Geralmente, é cobrada dos estudantes universitários uma experiência formal com conteúdos matemáticos de ensino médio, que eles não possuem. Podemos considerar que boa parte dos conteúdos matemáticos estudados, na escola em nível fundamental e médio, exigia dos alunos principalmente um entendimento de matemática instrumental (SKEMP, 1976). De acordo com esse autor, a escola cobrava dos alunos domínio e conhecimento matemático de procedimentos instrumentais de resolução de exercícios, e, por que não dizer, em alguns casos, exigiam-se, na educação básica, apenas memorizações de tipos de solução e aplicações de fórmulas em tarefas matemáticas. Quando esses alunos entram na graduação, é evidenciada a falta de pré-requisitos de conteúdos da matemática elementar (de ensino fundamental e médio) e, principalmente, daqueles que exigem uma maior capacidade de abstração e generalização.

De acordo com Skemp (1976), um ensino e aprendizagem de matemática que buscam um entendimento relacional precisam estar especificamente voltados para

uma edificação de estruturas conceituais, onde o estudante saiba o que fazer em determinada tarefa matemática e também saiba como fazer e por que fazer, e saiba também explicar tudo que está envolvido na tarefa e a resolução feita. Quando alguém entende um conceito matemático de forma relacional ele vai poder identificar relações entre esse conceito e outros conceitos e os procedimentos operatórios envolvidos nos diferentes conceitos matemáticos. Acreditamos que se um estudante entende relacionalmente um conceito, que ele estará construindo estruturas conceituais a partir das quais devem ser exploradas as diversas possibilidades para realização de uma mesma atividade matemática. Por exemplo, os estudantes precisam saber calcular um limite de função a partir dos métodos algébricos, numéricos e geométricos e diremos que entendem este conceito de forma relacional se souberem passar de um método para o outro e souberem explicar cada resolução.

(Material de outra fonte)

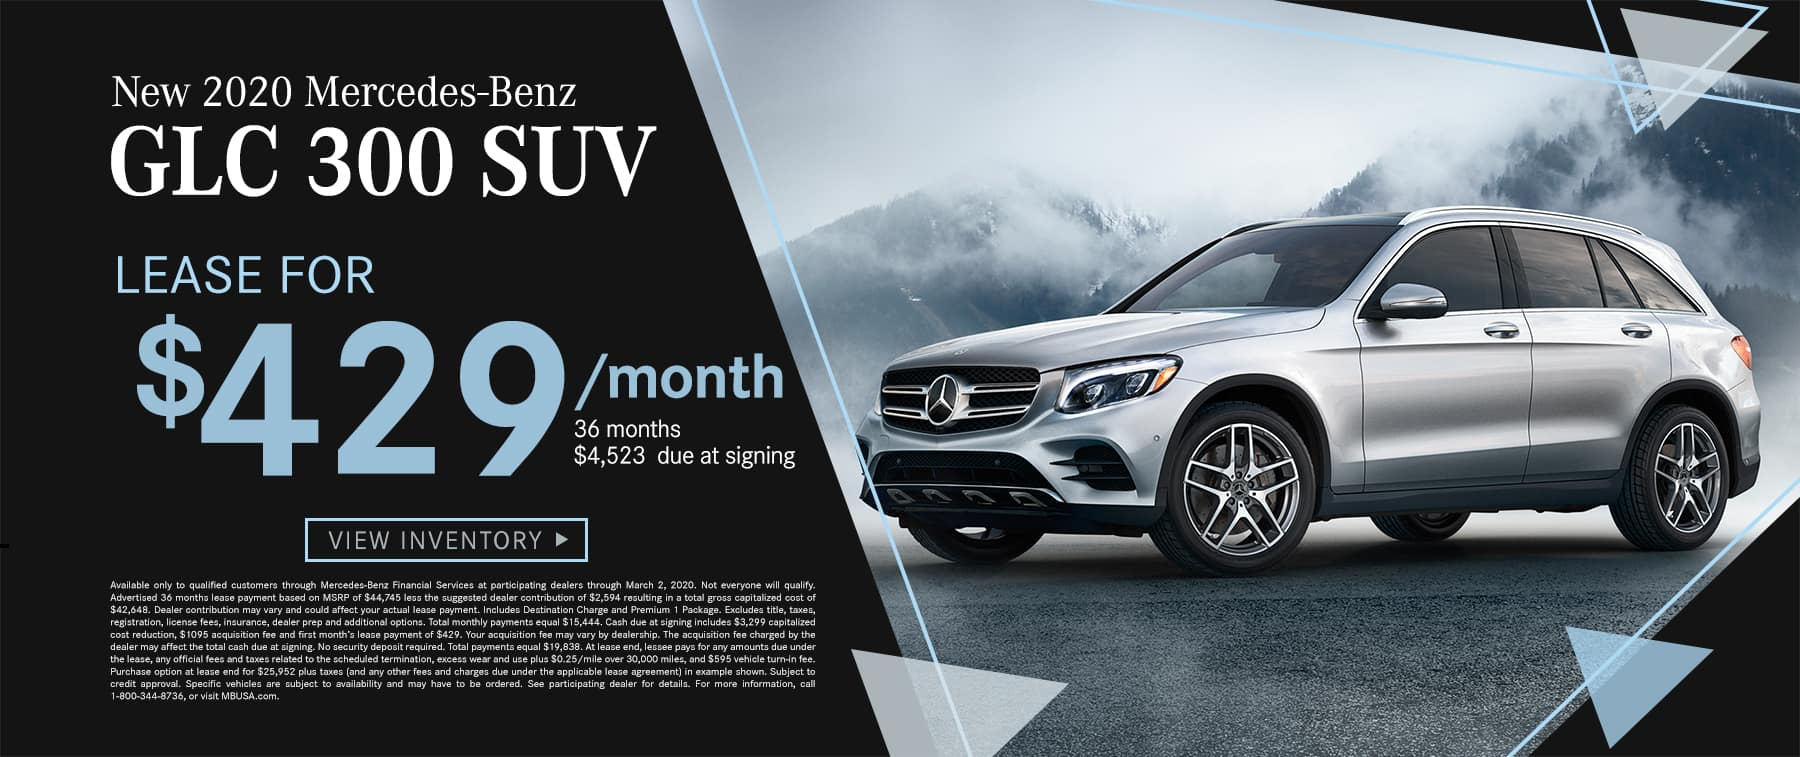 2020 GLC 300 SUV $429 Per Month

Estudos de educação matemática e práticas do quotidiano do professor são reveladores das dificuldades de compreensão e generalização de conceitos matemáticos enfrentados pelos estudantes ao longo da sua vida escolar (DOMINGOS, 2003; GUZMÁN, HODGSON, ROBERT, VILLANI, 1998). Para alguns autores, elas parecem acentuar-se quando se dá a transição do ensino médio para o superior. Segundo Nasser, Souza, e Torraca (2012), alguns professores tentam justificar o baixo desempenho dos estudantes no ensino superior, argumentando que alguns alunos não sabem os conteúdos da matemática elementar, os quais servem de suporte para a compreensão de conceitos matemáticos que envolvem um pensamento matemático avançado.

Esses argumentos das pesquisas estudadas, junto aos questionamentos e reflexões já mencionados no texto deram um ponto de partida para a caminhada da pesquisa. Primeiramente, reflexões sobre nosso papel de professor na aprendizagem de estudantes repetentes. Dentre elas, destacamos nossas características pessoais positivas e negativas, nossa metodologia de ensino e capacidade de considerar a diversidade de estudantes. Refletimos a respeito dessa diversidade estudantil, suas crenças, concepções e também características individuais, fatores que anteriormente eram totalmente desconsiderados por nós, professores.

Além disso, refletir a respeito de todos estes fatores foi fundamental para a nossa escolha do conteúdo matemático em que precisávamos nos debruçar nesta investigação de doutorado. Concluímos que seria o conceito de limites de funções, por se tratar de um conteúdo em que algumas noções básicas do Cálculo encontram-se alicerçadas. Ademais, por sabermos que causa muitas dificuldades aos estudantes ingressantes na universidade e, muitas vezes, acaba sendo o vetor do início do problema da repetência e do abandono da disciplina.